A Víctor le pareció que
Alan no estaba muy interesado en seguir la amistad con él, pero es que la voz
de Alan era tan triste como su mirada. Sin embargo, se equivocaba, pues Alan
estaba feliz de haber encontrado un amigo, aunque sería amigo secreto, porque
tenía miedo que si se lo decía a sus papás, tal vez hasta le quitarían el
radio.
Al siguiente anochecer se
volvieron a encontrar y mantuvieron una plática más cordial: Alan expresando
poco de sus sentimientos; Víctor, contándole acerca del trabajo de su papá en
una fábrica de camisas, de su mamá, que lavaba ropa, y de su abuelita, que
cocinaba muy sabroso. Pero no sabían que uno era de familia rica y el otro de
familia humilde.
En ocasiones hablaban de
alguna película que los dos habían visto, del fútbol, de algún programa de
televisión, y algunos días cualquiera de ellos se olvidaba de encender el radio
y no conversaban. Al día siguiente el otro se lo reprochaba amablemente.
Lo cierto es que ya eran
grandes amigos, pero ninguno, y menos Alan, se atrevía a pensar en conocerse
personalmente, Alan por su timidez, Víctor, simplemente porque se imaginaba que
Alan vivía muy lejos de su casa. Y eran colonias vecinas, como ocurre en muchas
ciudades grandes, en que junto a un barrio de gente acaudalada hay otro muy
pobre.
Casi todos los días, pues,
se ponían a platicar, sin que la familia de Alan supiera exactamente qué
pasaba. Un ejemplo de esto fue la conversación que una noche mantuvieron
Ricardo y Claudia, los padres de Alan:
-Ricardo: últimamente he
notado que Alan habla solo en su recámara.
-Bueno, si quiera alguna
tarde has estado aquí, mujer.
-No exageres. Toña cuida
bien al niño, yo tengo muchos compromisos con mis amigas y con la beneficencia,
¿cómo quieres que esté de nana en las tardes?
-No, está bien, pero
cuéntame de Alan.
-Te digo que lo oigo hablar
solo en su cuarto.
-Todos los niños, cuando
están solos, inventan amiguitos con los que conversan. Pero sí me gustaría
convivir más con él. Como que lo veo siempre algo triste.
-No te preocupes, Alan
siempre ha sido así, y mientras no se enferme, todo irá bien.
Por fin, Ricardo se
preocupaba seriamente por no estar casi nunca con su hijo, por no darle siquiera
una caricia, una palabra amable. Ni se acordaba de los radios que le había
regalado.
Mientras tanto los padres de Víctor, sí escucharon alguna de las
conversaciones de su hijo con Alan, y por lo que se decían, supieron que Alan
debería ser un niño rico, y que, probablemente, era el dueño del otro radio.
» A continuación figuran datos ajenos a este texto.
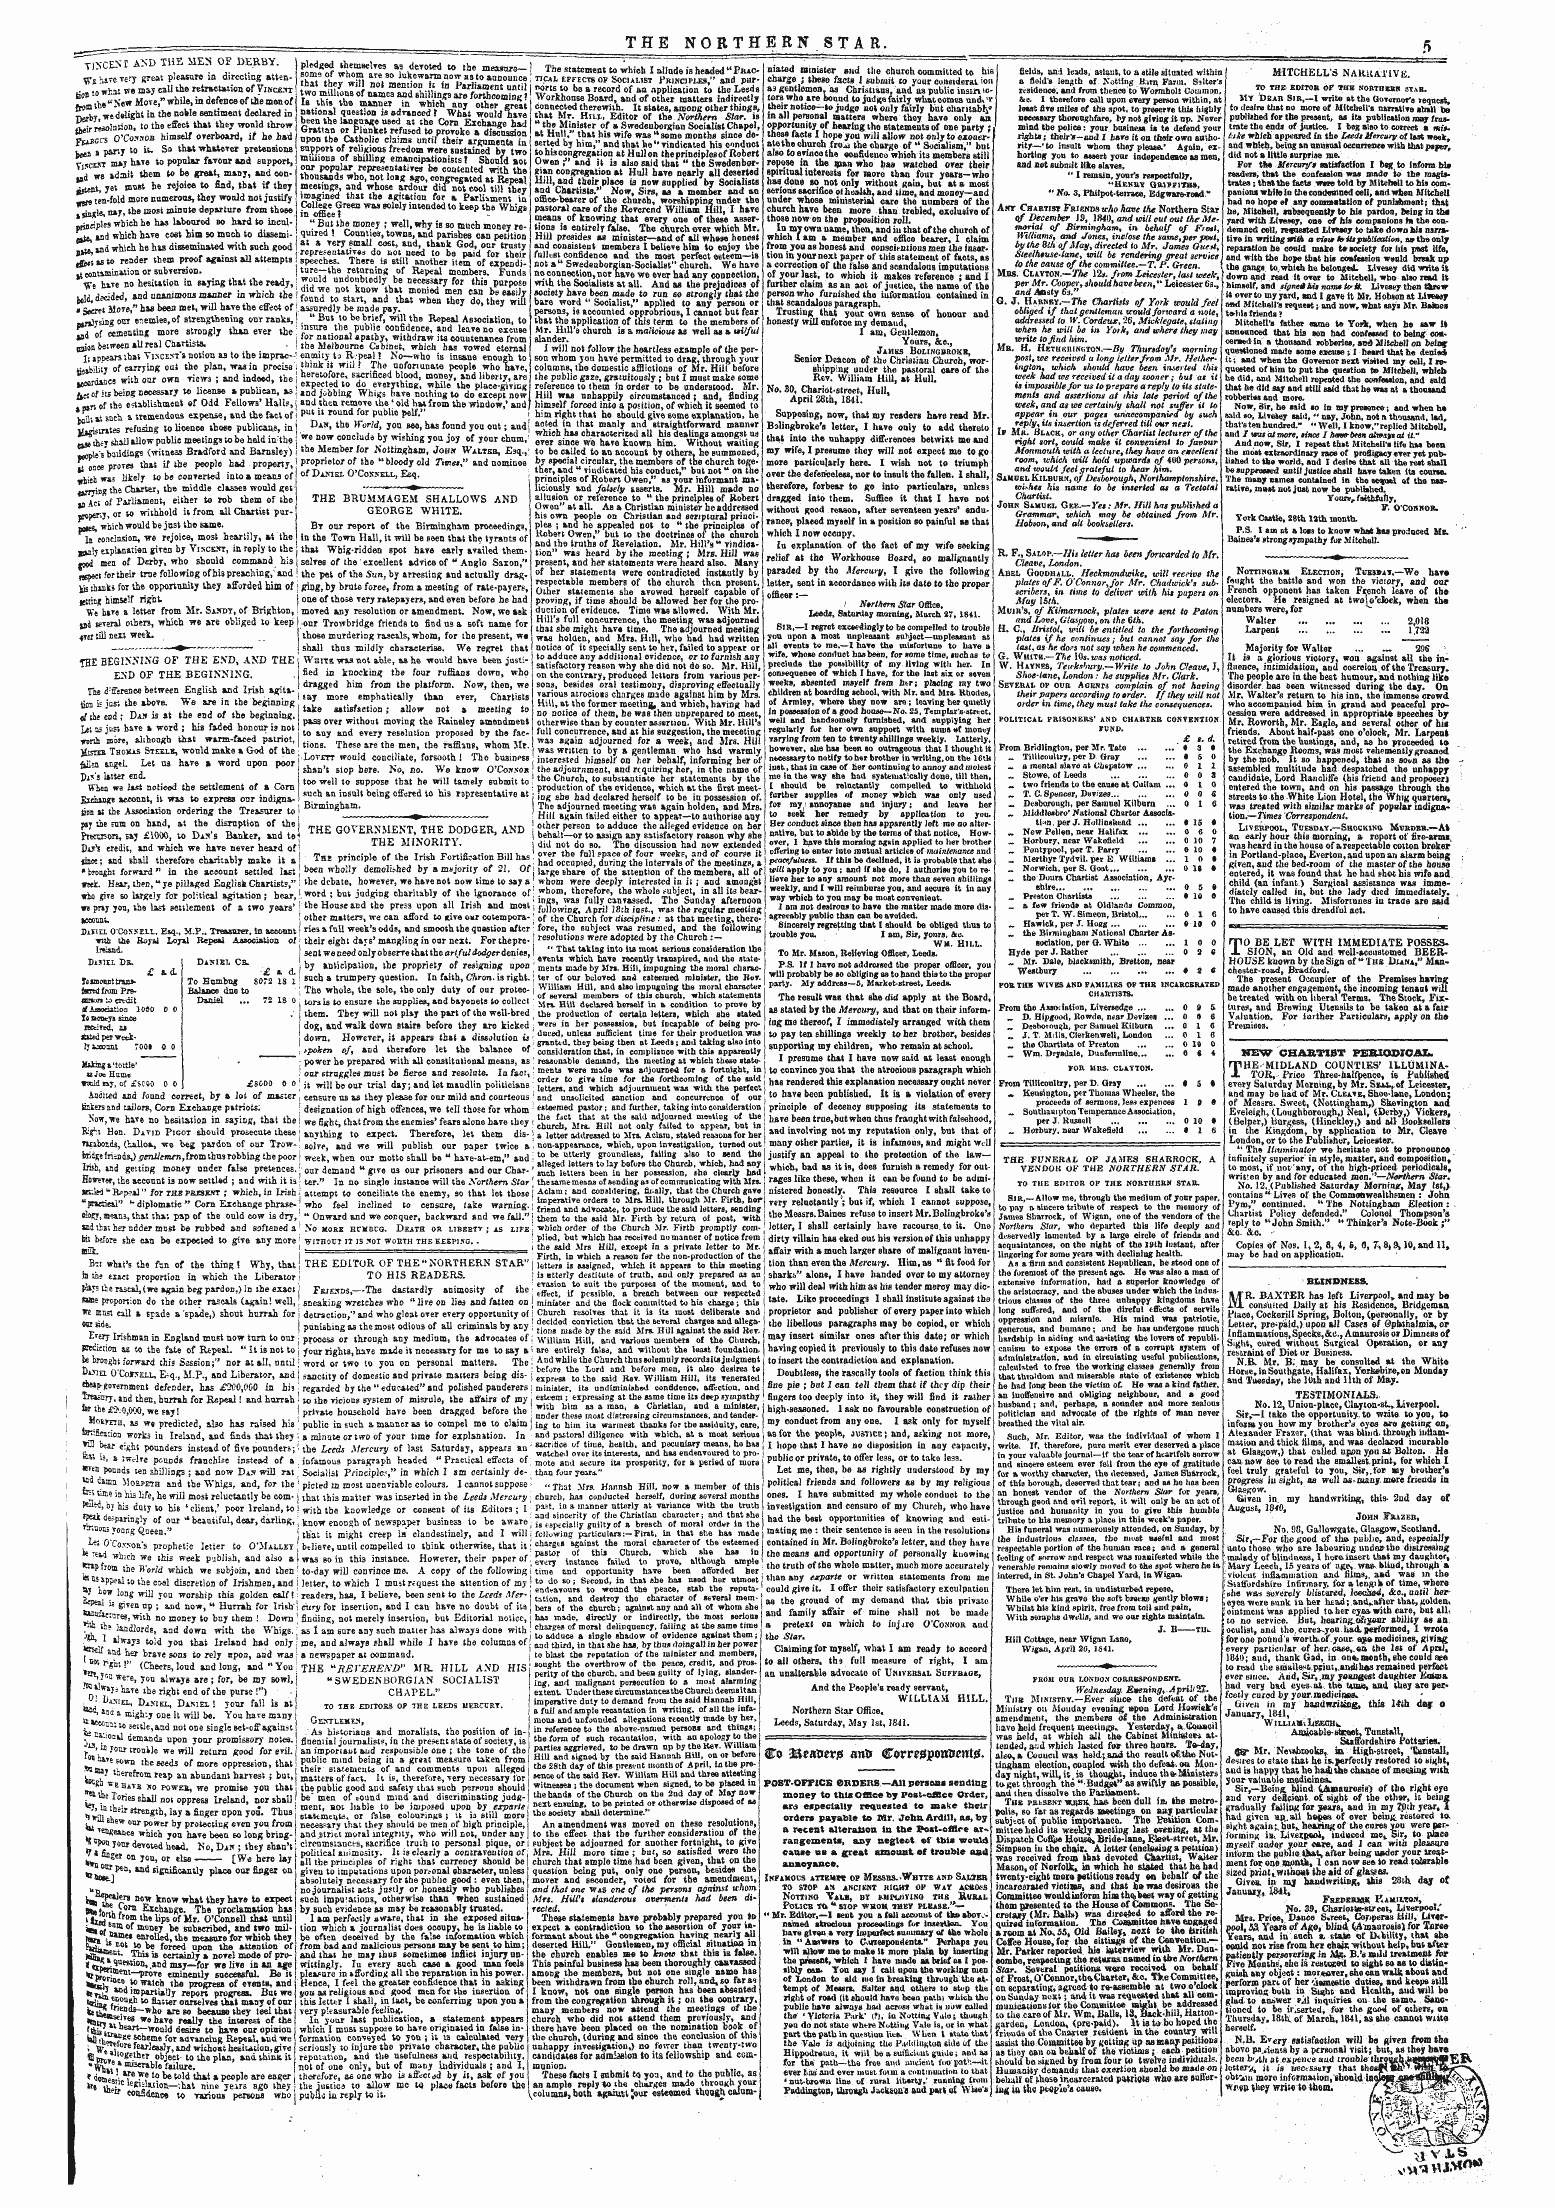 Northern Star (1837-1852): jS F Y, 3rd edition - The Editor Of The "Northern Star" ) To His Readers. '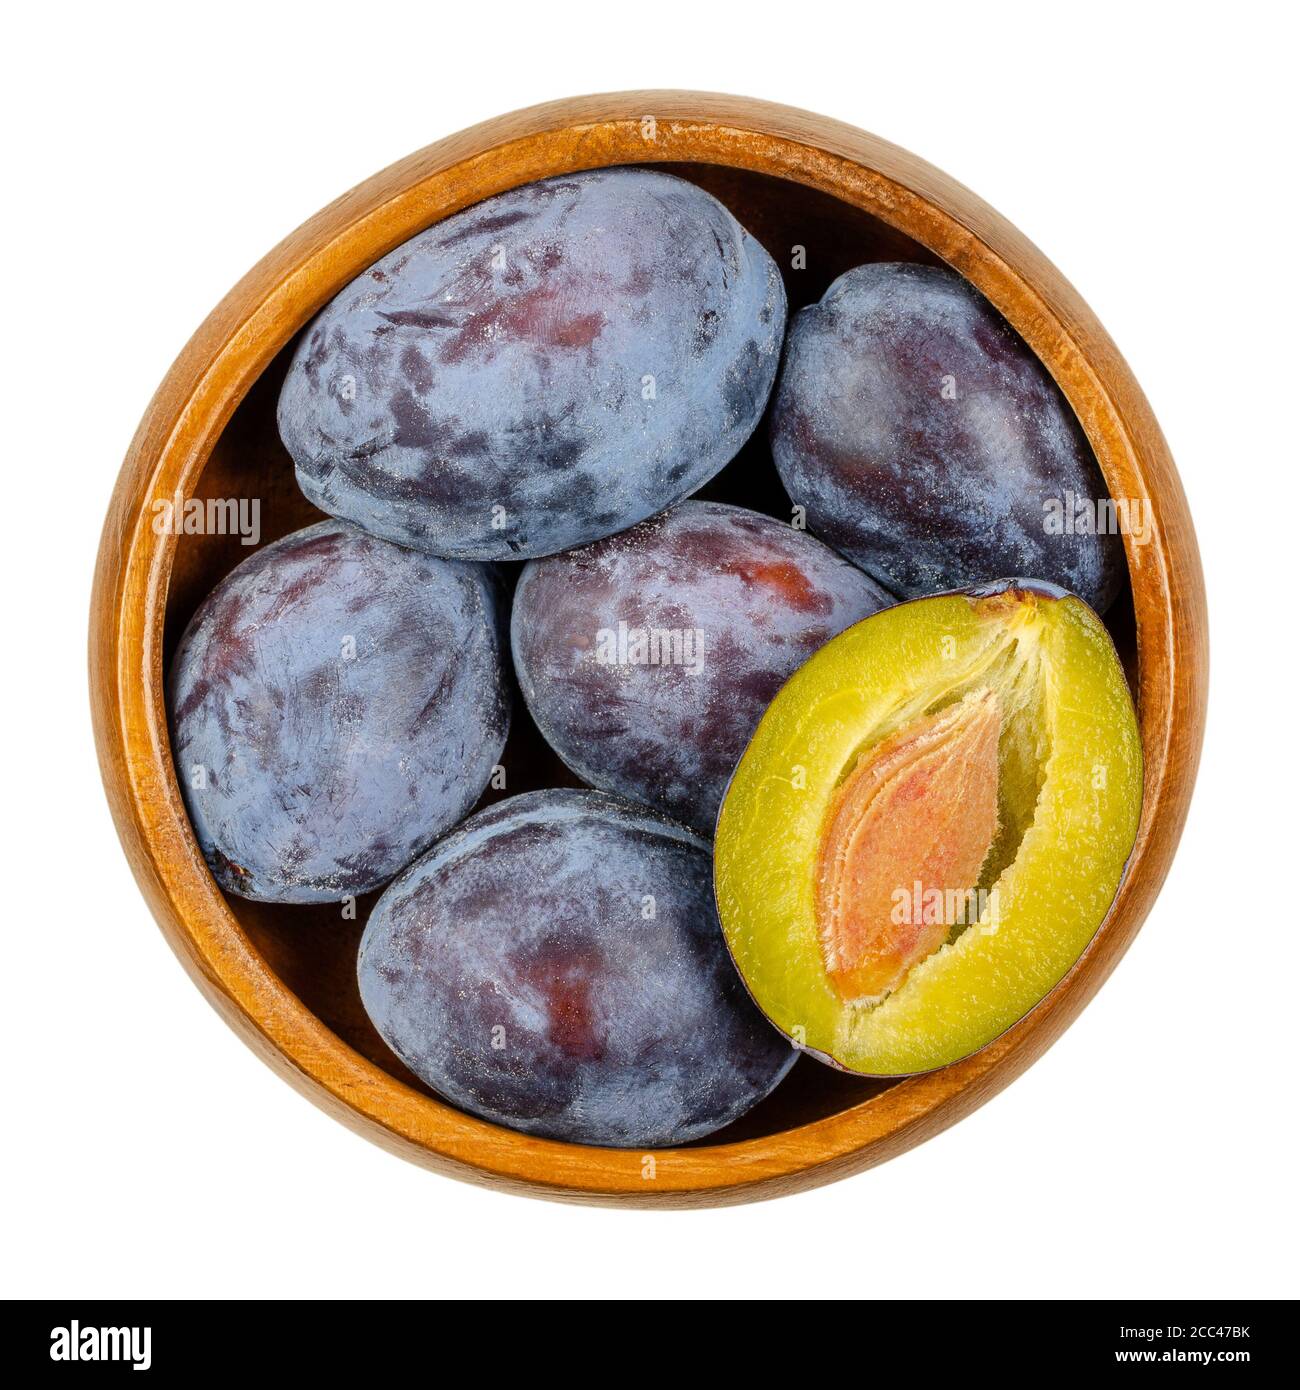 Ripe European plums with cross section of one fruit in a wooden bowl. Freestone fruit with purple, violet and black skin, also called Damson. Stock Photo

Pero no le dijeron nada a Víctor, para que siguiera teniendo a su amigo por la
radio.
En alguna ocasión se
interesaron por saber cómo era que podían hablar por radio. Alan, que no había
sido muy aficionado a la lectura, se puso a estudiar en una enciclopedia que
tenía, y después le explicó a Víctor lo que había leído. Víctor también
investigaba en sus libros y contaba a su amigo otras cosas que a los dos les
interesaban.
Un día, don Ricardo llegó al
anochecer de su trabajo, dispuesto a pasar el resto del día con Alan.
La casa parecía más sola
que nunca, y al llegar al cuarto del niño escuchó que hablaba animadamente,
como nunca lo había oído hablar.
-¡Uy, te van a hacer fiesta
de cumpleaños!
Y escuchó la voz de un niño
que, a través de un aparato, le contestaba:
-¡Sí, ojalá pudieras venir!
-No, -contestó Alan, algo
asustado-, yo creo que no, porque los sábados nadie me puede llevar a ninguna
parte.
Víctor dijo:
-Oye, pues ¿dónde vives?
Alan contestó:
-En la colonia del Diamante.
-Ah, ya sé, yo vivo en La
Virgencita.
-Yo no sé dónde es eso.
-Pues es algo cerca de mi
casa. Hemos pasado mi papá y yo por esa colonia.
El padre de Alan abrió la
puerta del cuarto. Alan se asustó, apagó el radio y dijo:
-Hola, papi.
-Hola, hijo. Pero sigue
hablando con tu amigo.
-¿Cuál amigo?
-El que está en el radio
esperándote. No lo dejes solo, contéstale.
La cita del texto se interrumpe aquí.